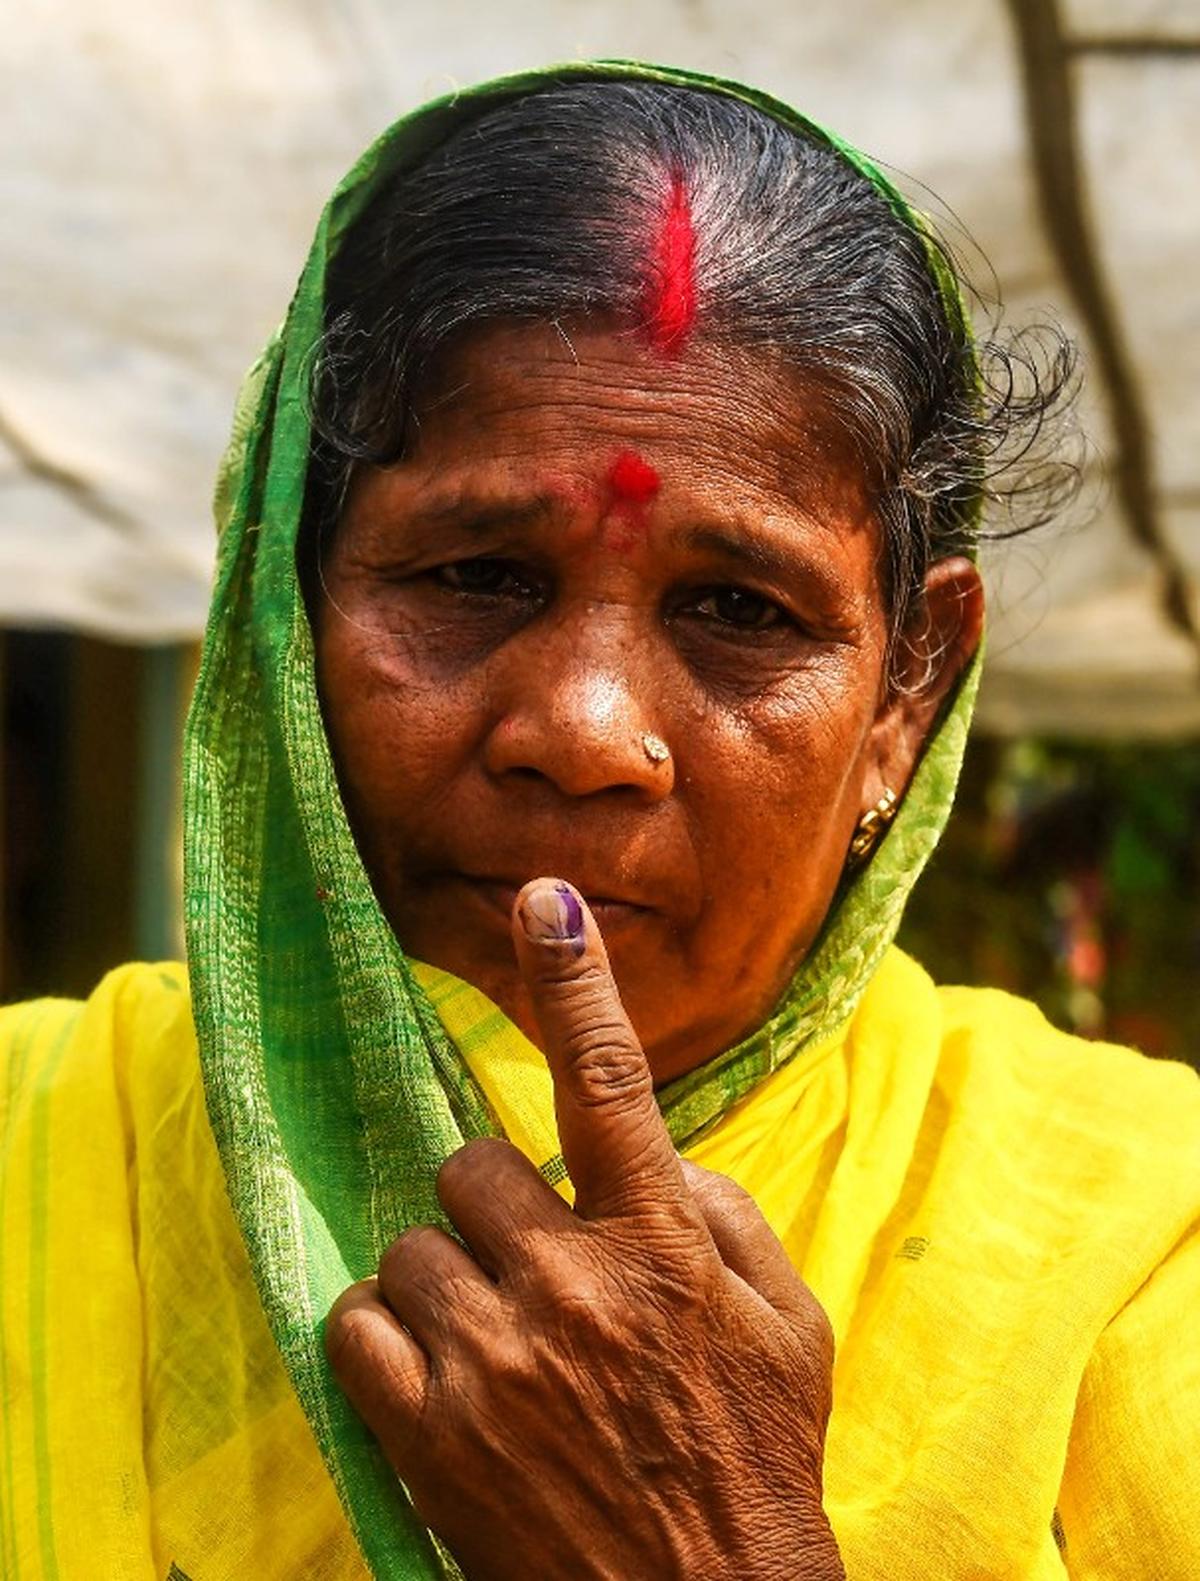 Watch | What are India’s worries over foreign interference in elections?
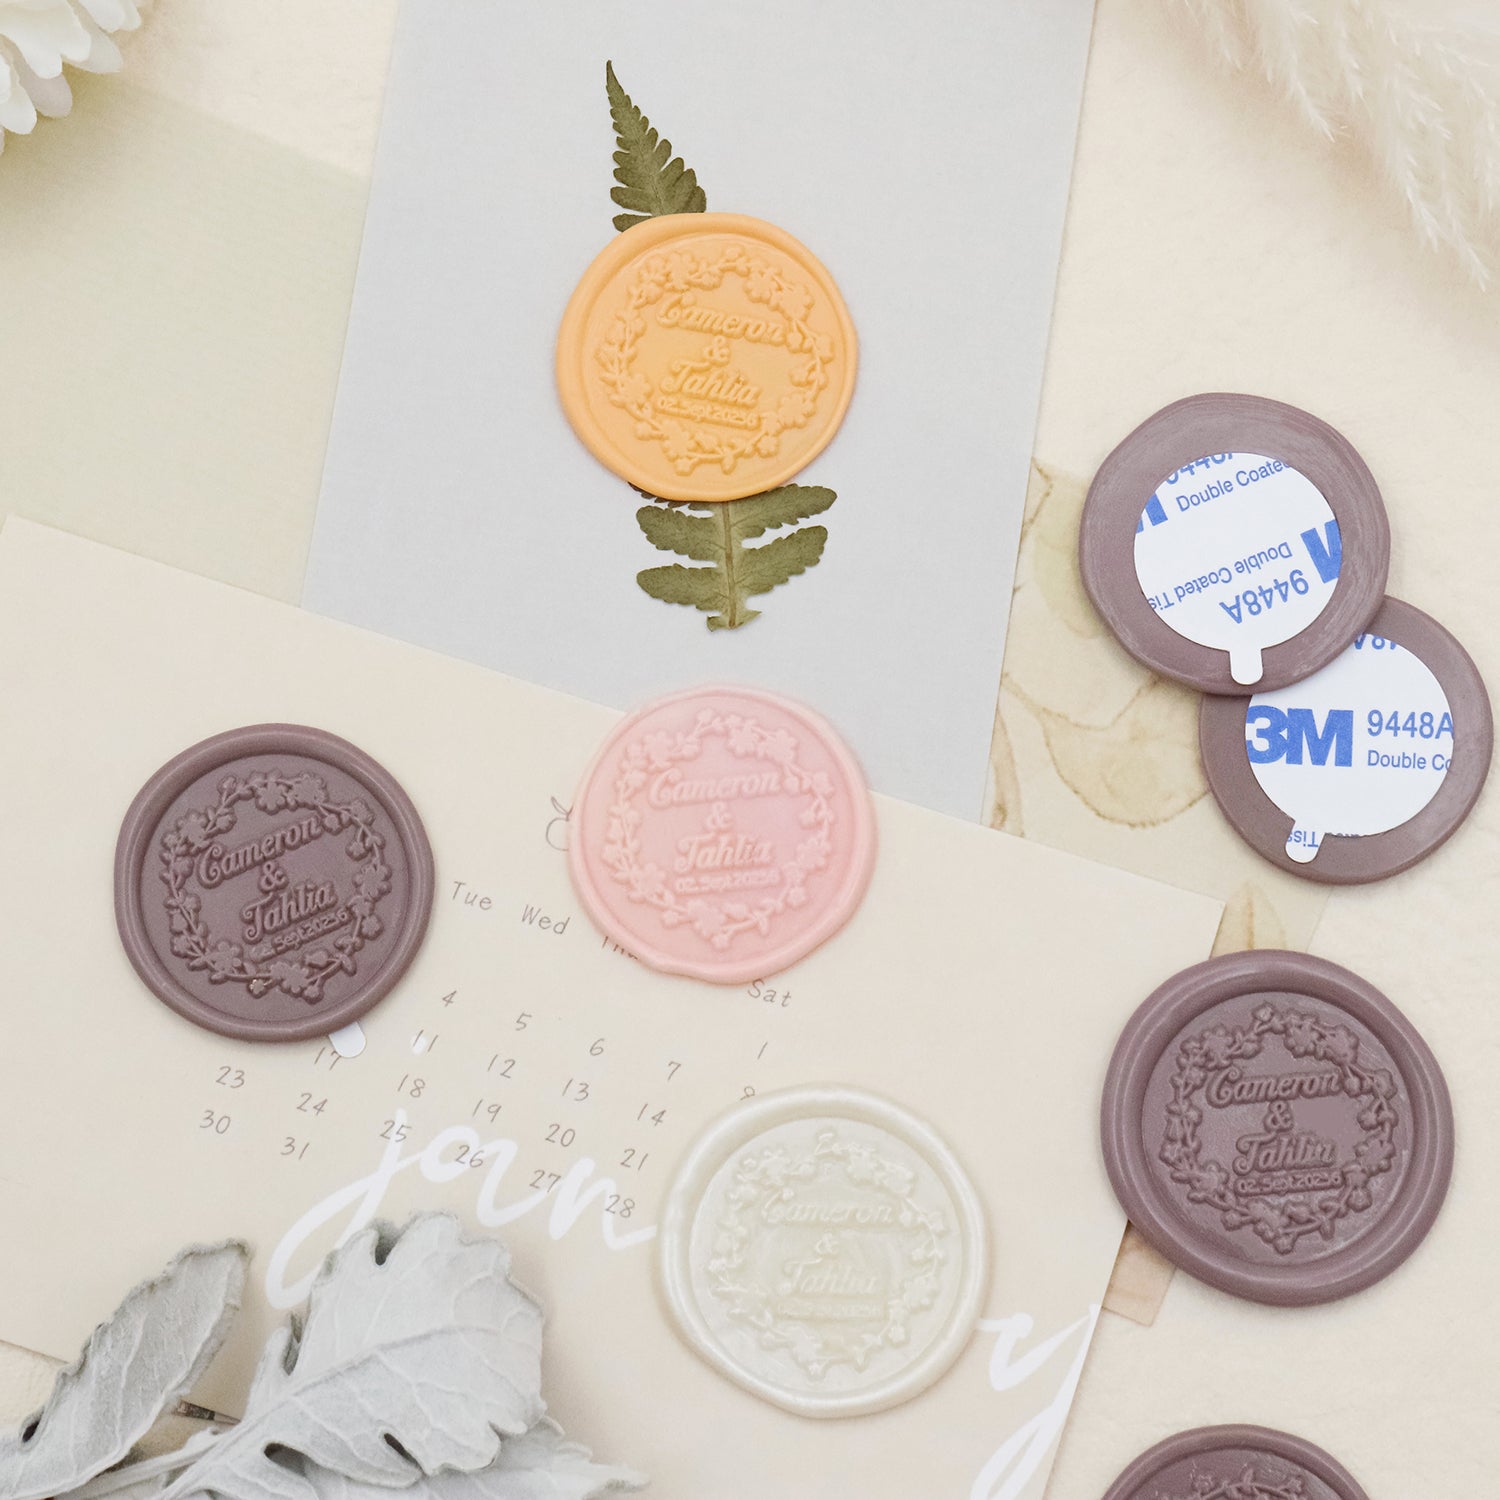 Olive Branch Double Initials Wedding Custom Self-Adhesive Wax Seal Stickers  - Personalized Elegance for Invitations, Favors, and More
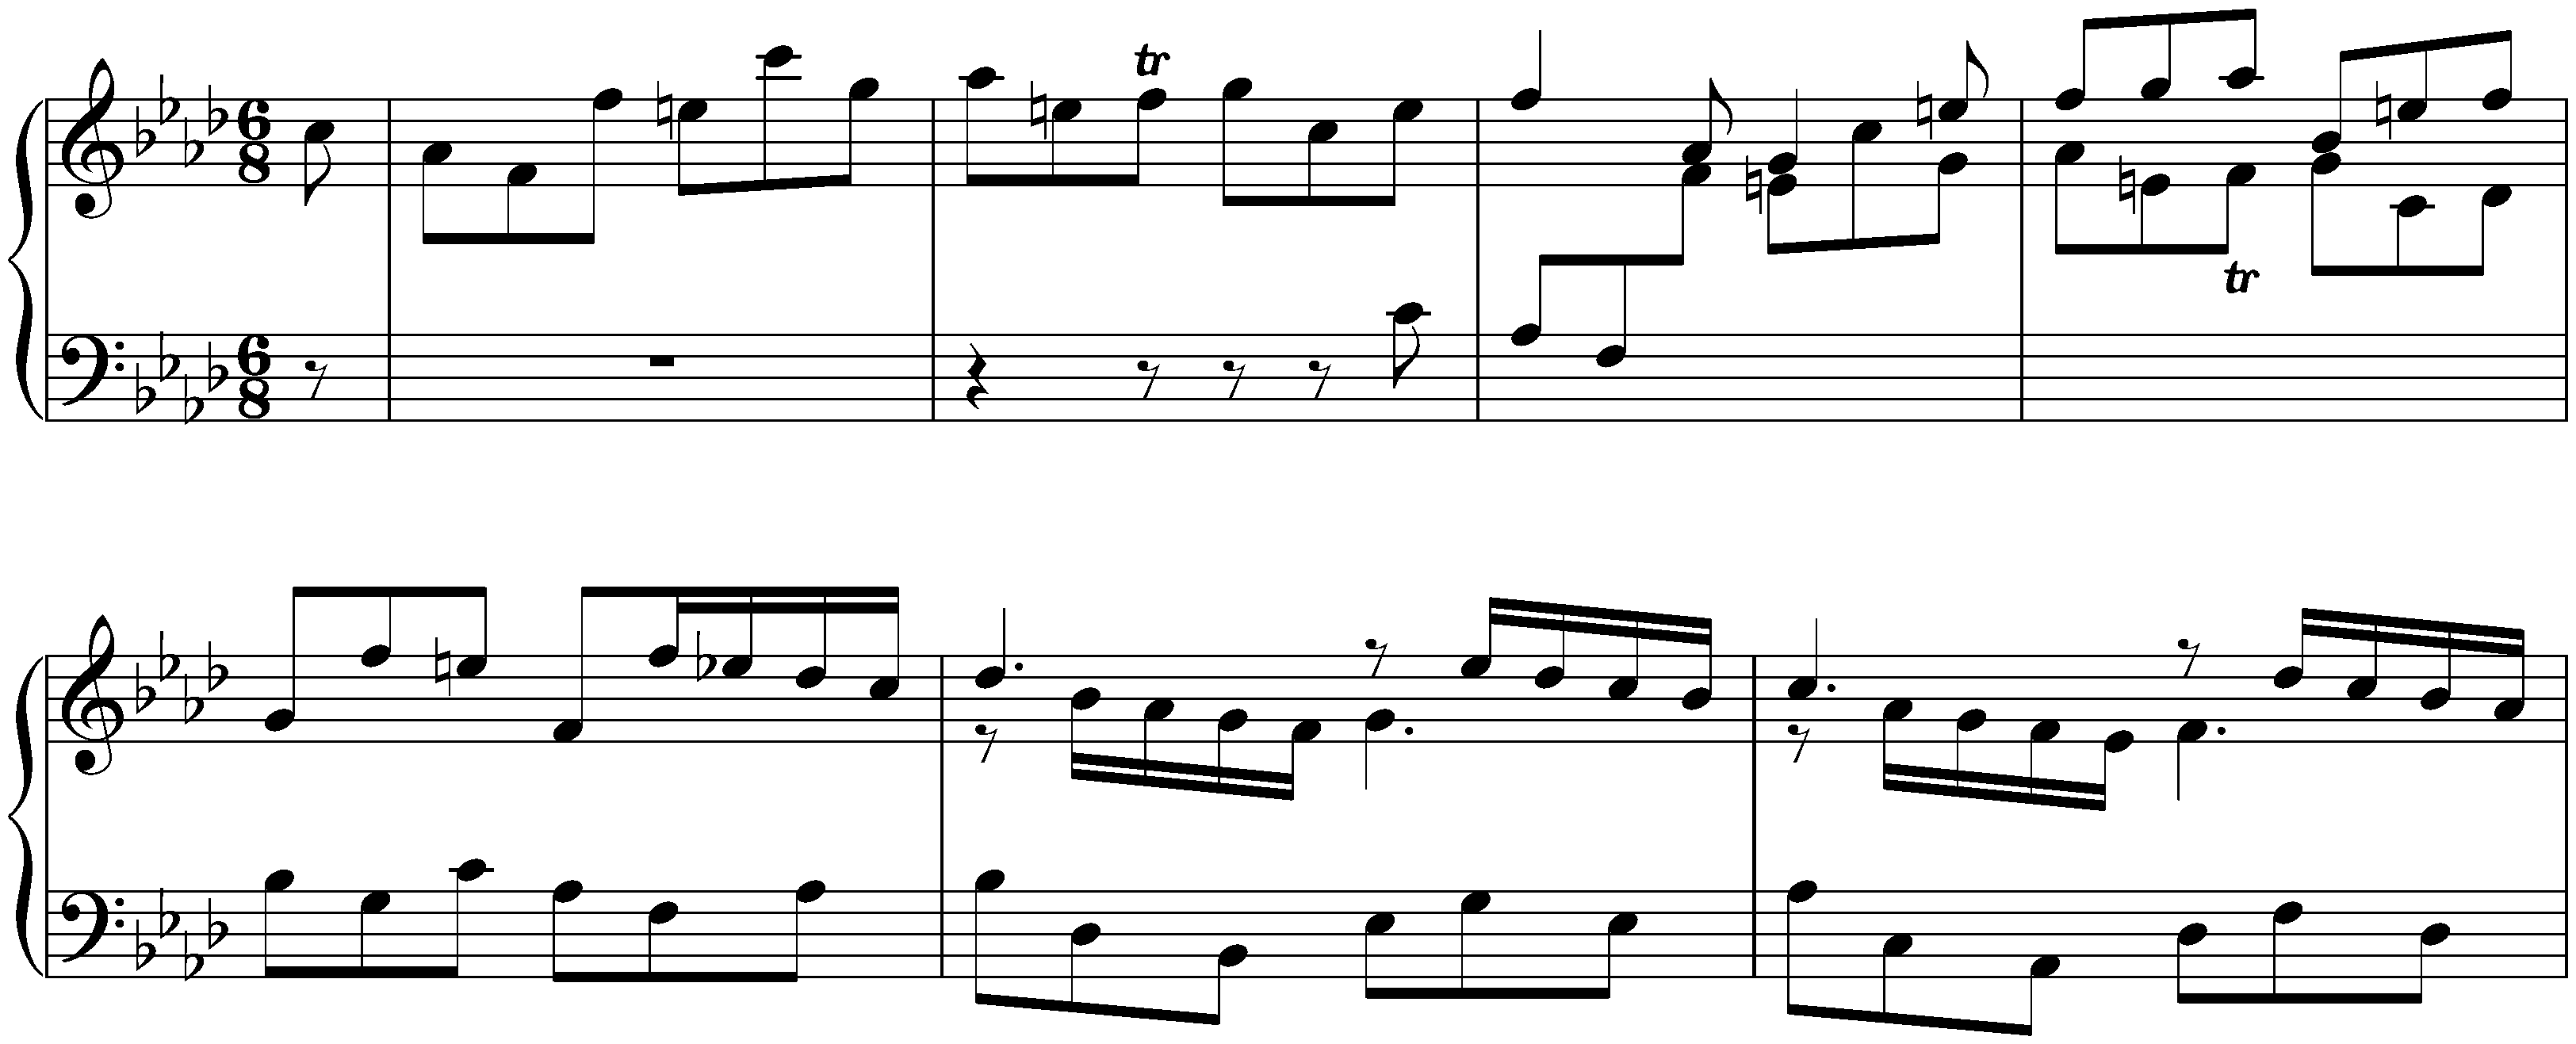 Suite in F minor, HWV 433; 5. Gigue

....

▶ **WHAT THE TASK REQUIRES**
Each line from the one containing "Olive Branch Double" through the final line of the data must be reproduced exactly, both ends included, with no pictures in the copy.

▶ **EXPECTED ANSWER**
 Olive Branch Double Initials Wedding Custom Self-Adhesive Wax Seal Stickers  - Personalized Elegance for Invitations, Favors, and More
 Suite in F minor, HWV 433; 5. Gigue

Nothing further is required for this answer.